• **Problem**: Give back the full listing, character for character, with no pictures.

• **Recorded data**:
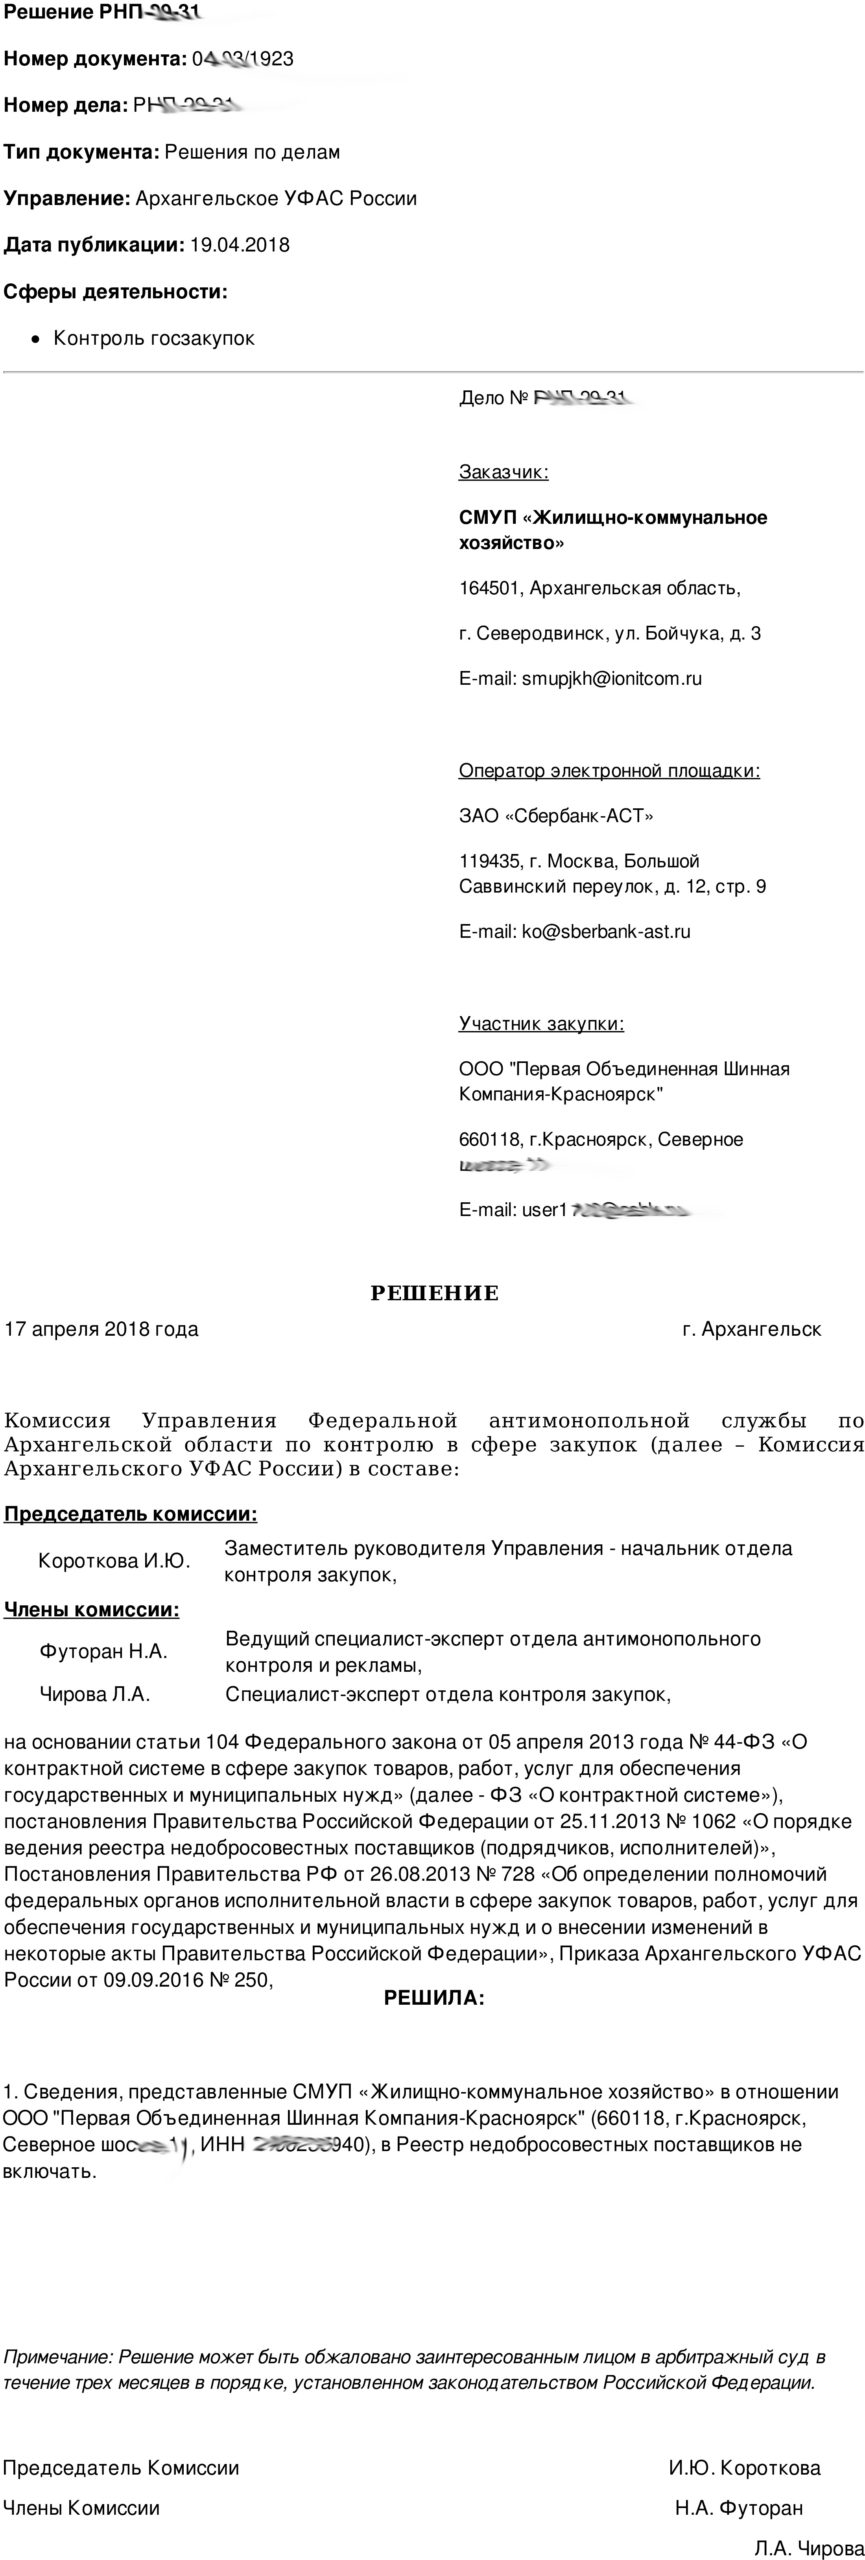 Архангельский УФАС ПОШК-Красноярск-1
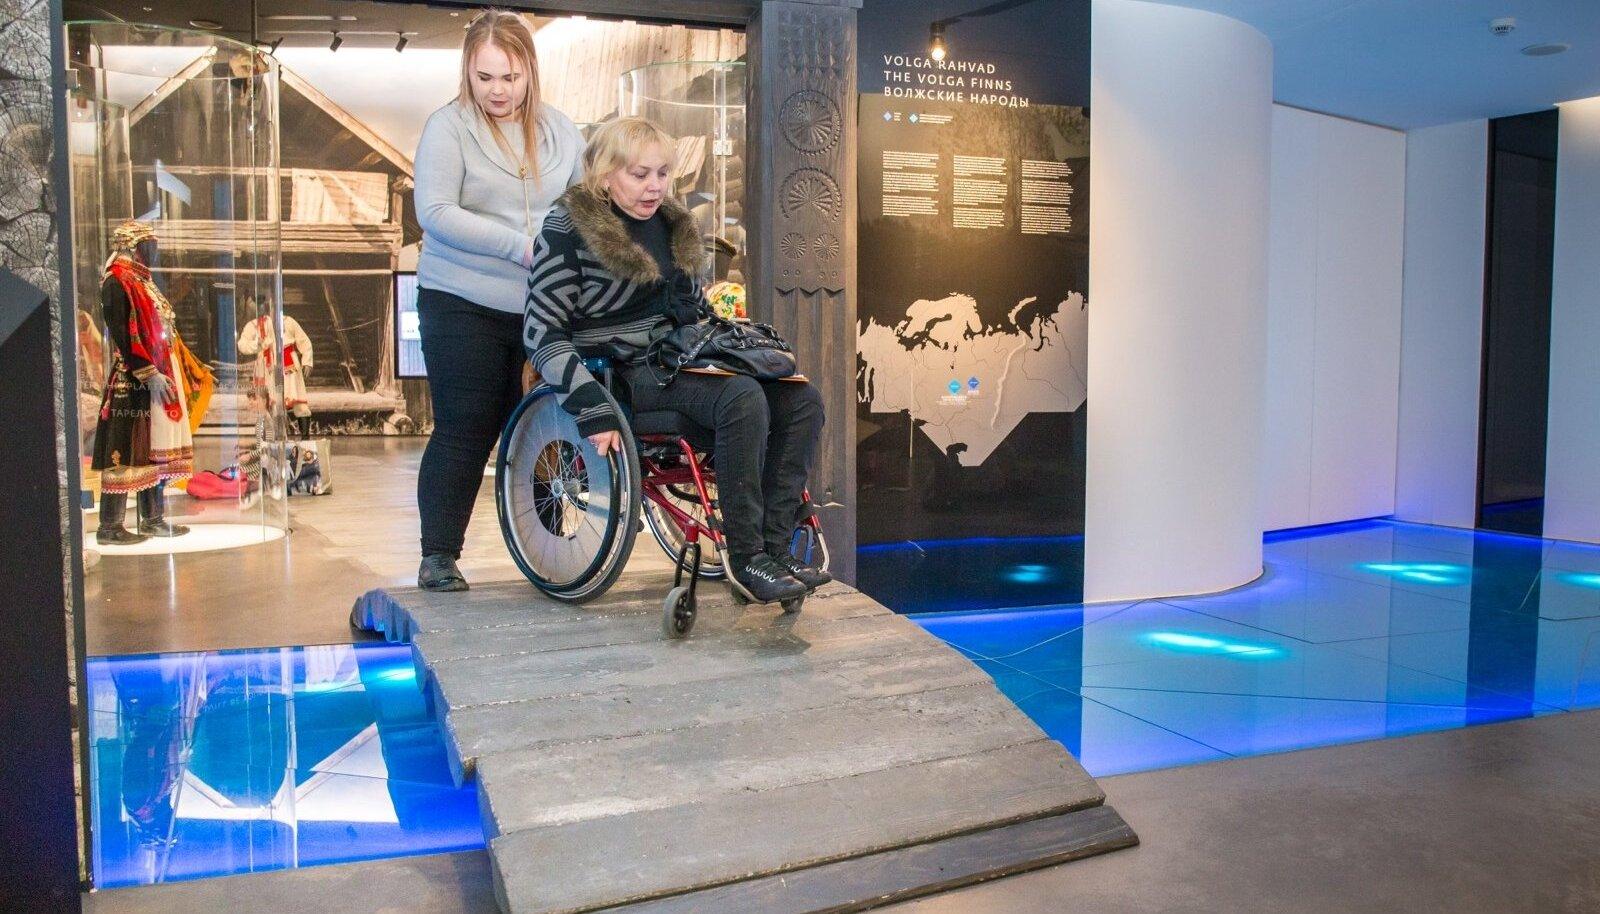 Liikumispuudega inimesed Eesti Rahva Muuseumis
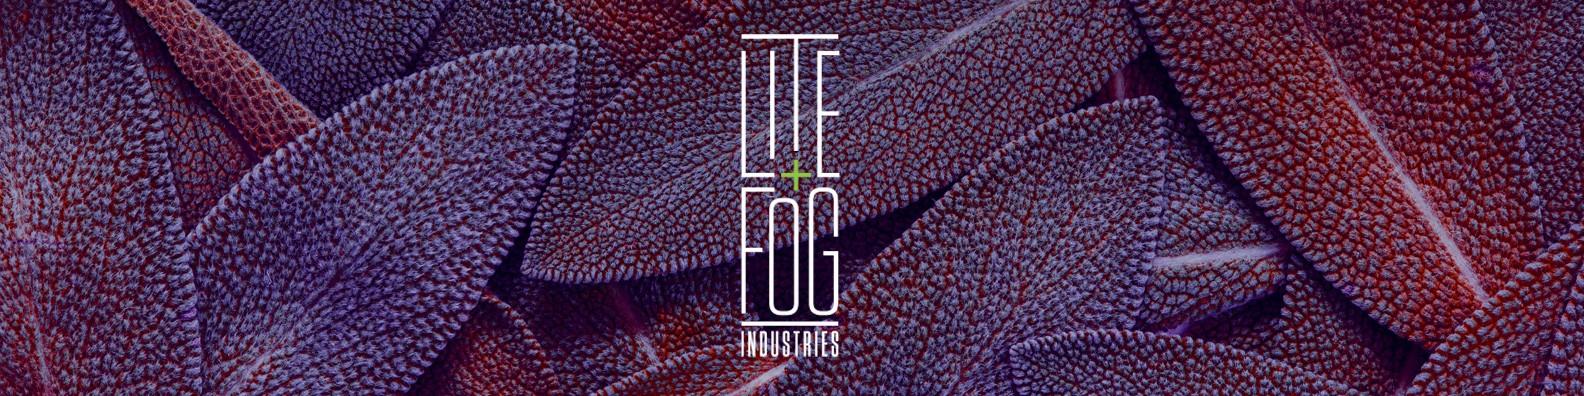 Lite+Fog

• **Written answer**:
 Архангельский УФАС ПОШК-Красноярск-1
 Liikumispuudega inimesed Eesti Rahva Muuseumis
 Lite+Fog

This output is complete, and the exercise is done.